After lunch we walked the souks of the Medina some more and ended up at the tannery souk where we got a tour with mint under our noses. Without the mint, the odor would have been overpowering. I bought Elizabeth a gift there. Afterwards, Pete and I retired to our hotel for a much needed rest before our dinner at Palais Faraj’s Amandier restaurant, where we would discuss Moroccan history and culture over dinner with a Moroccan academic.
A native of Fes, our dinner guest, Dr. Fatima discussed her city and life as an female academic in Morocco. With a PhD with a specialty in comparative cultures, she is currently focusing on female monarchs in history. While I enjoyed my Chicken and Vegetable Couscous and the pink sunset from the rooftop restaurant overlooking the Medina below, Pete and I got a history lesson on why Jewish and Muslim cultures are so intertwined in Morocco. But most interesting was how far women’s rights have been advanced in Morocco over the past 20 years due mostly to the current King, who succeeded his father in 1999. A very progressive monarch, he has championed women’s rights to the point where women have the same rights in marriage as men with a few exceptions. One exception is that when a patriarch dies, the sons still inherit twice as much as the daughters. But our professor friend says that may also change soon. As she said, change does not happen overnight, and this monarch and parliament has done a good job of implementing reforms gradually.
Because of all the progressive changes that had been started in Morocco, the upheaval of the Arab Spring, a series of anti-government protests, uprisings, and armed rebellions that spread across much of the Arab world in the early 2010’s, and which started in Tunisia as a response to corruption and stagnation, did not spread to Morocco. I came away from our dinner conversation convinced that Morocco is going to be ok.
On Day 8 we had another wonderful breakfast. We decided to not meet our guides, Mohamed and Hakim, until 10:30 because we wanted to make sure we got everything squared away regarding our COVID tests. You see, even though citizens from most countries can visit Portugal with only proof of vaccination, and this includes citizens of Morocco, U.S. citizens also have to produce proof of a negative COVID test taken within 24 hours.
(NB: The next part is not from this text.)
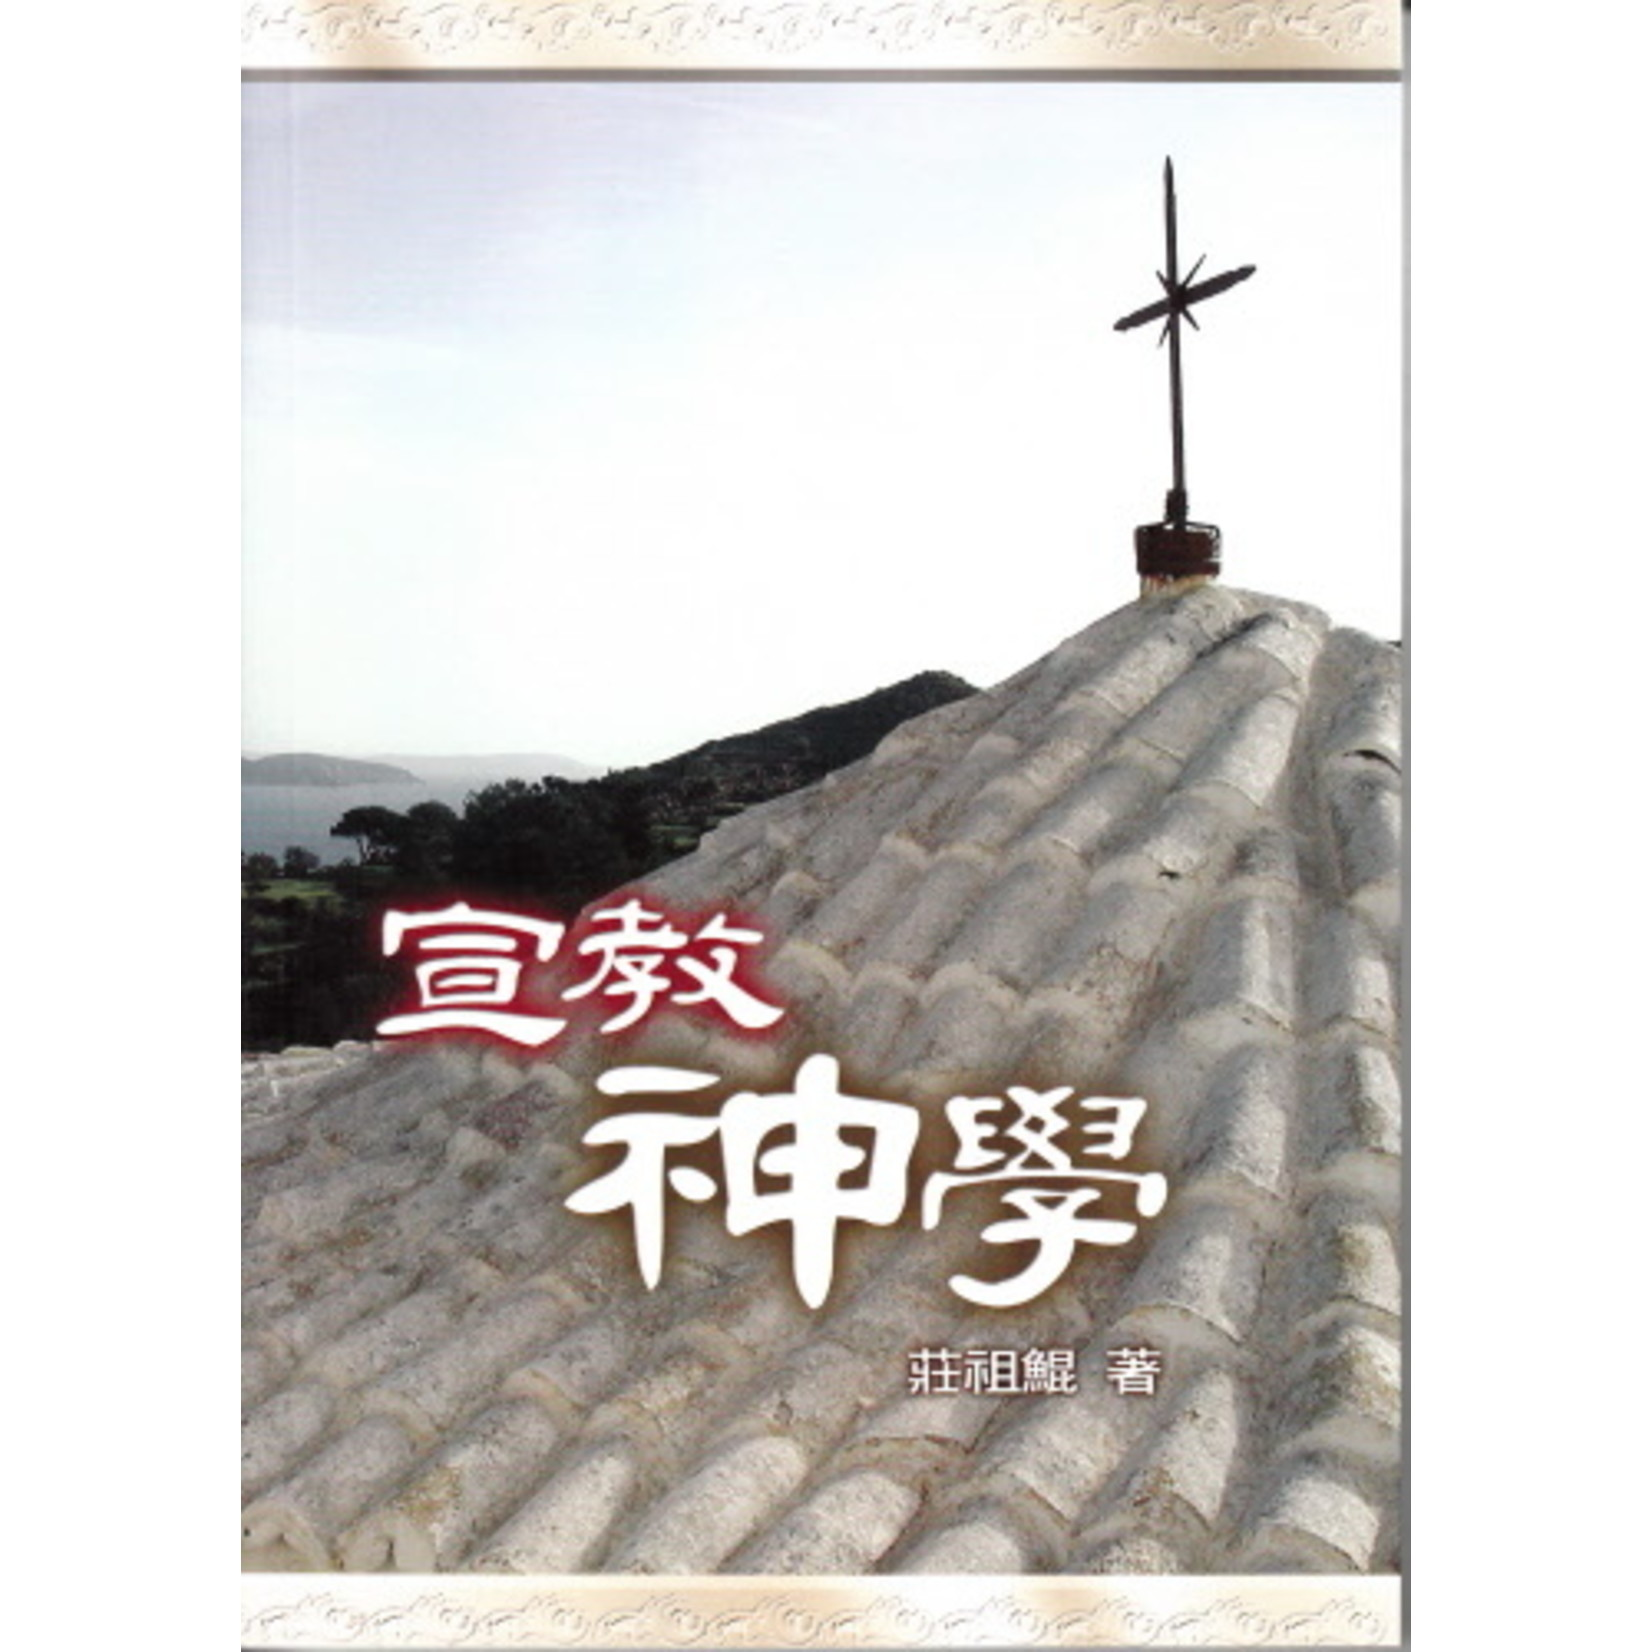 基督使者協會 Ambassadors for Christ 宣教神學

So, we dutifully took our tests, which turned out negative.
So, before leaving foe the airport, we quickly visited the royal palace, but the highlight was visiting a mosaic and pottery production center and watching how tiles and pottery are still being made by hand. With all of the mosaics I had seen in Morocco, it was fascinating to finally see how they were made.
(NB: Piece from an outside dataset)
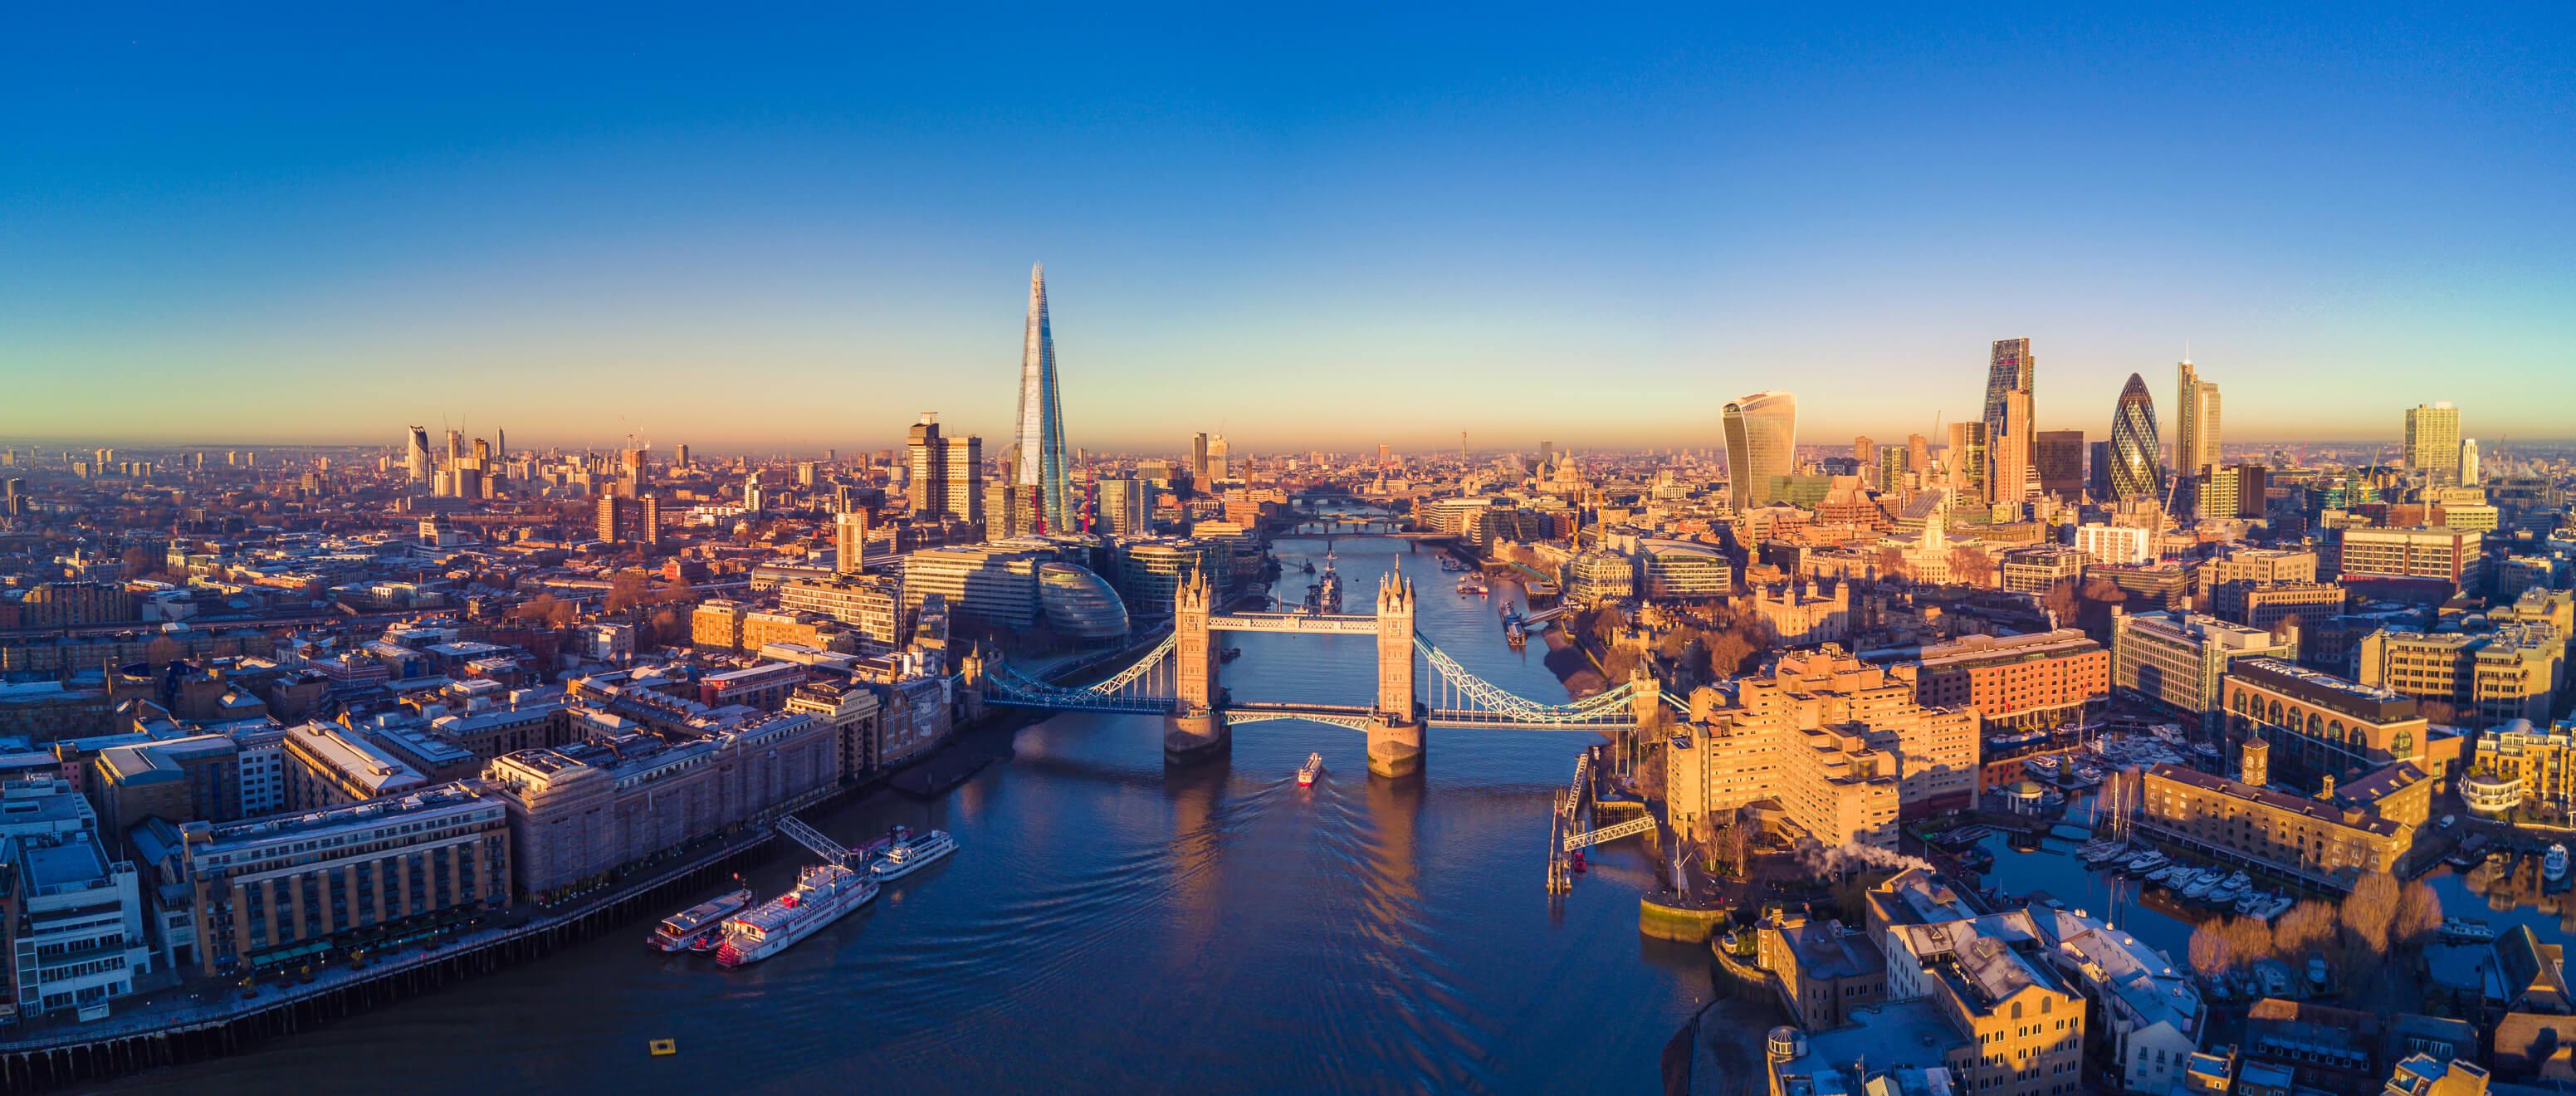 London City Guide - Globehunters

Afterwards, we headed to the airport to catch our Ryan Air flight to a new city, a new country, and a new continent. Ryan Air is not a luxury airline, but it is efficient and reliable. Our flight from Fes to Lisbon, Portugal even landed 15 minutes early. So, I will close my post about my experience in Morocco with a quote from my good friend Pete. “Morocco will surprise you, challenge your settled views and leave you eager to return with friends and family.” I hope my posts have done likewise. Now, it’s time to move on to explore Lisbon and to do some cycling in southern Portugal with Backroads.
One Comment
Judy
WOnderful post. Sounds like you had a wonderufl mix of history, views of the future and experiencing a changing culture. I’m always fascinated by the progression of women’s issues in other cultures. Thanks for sharing your journey with us!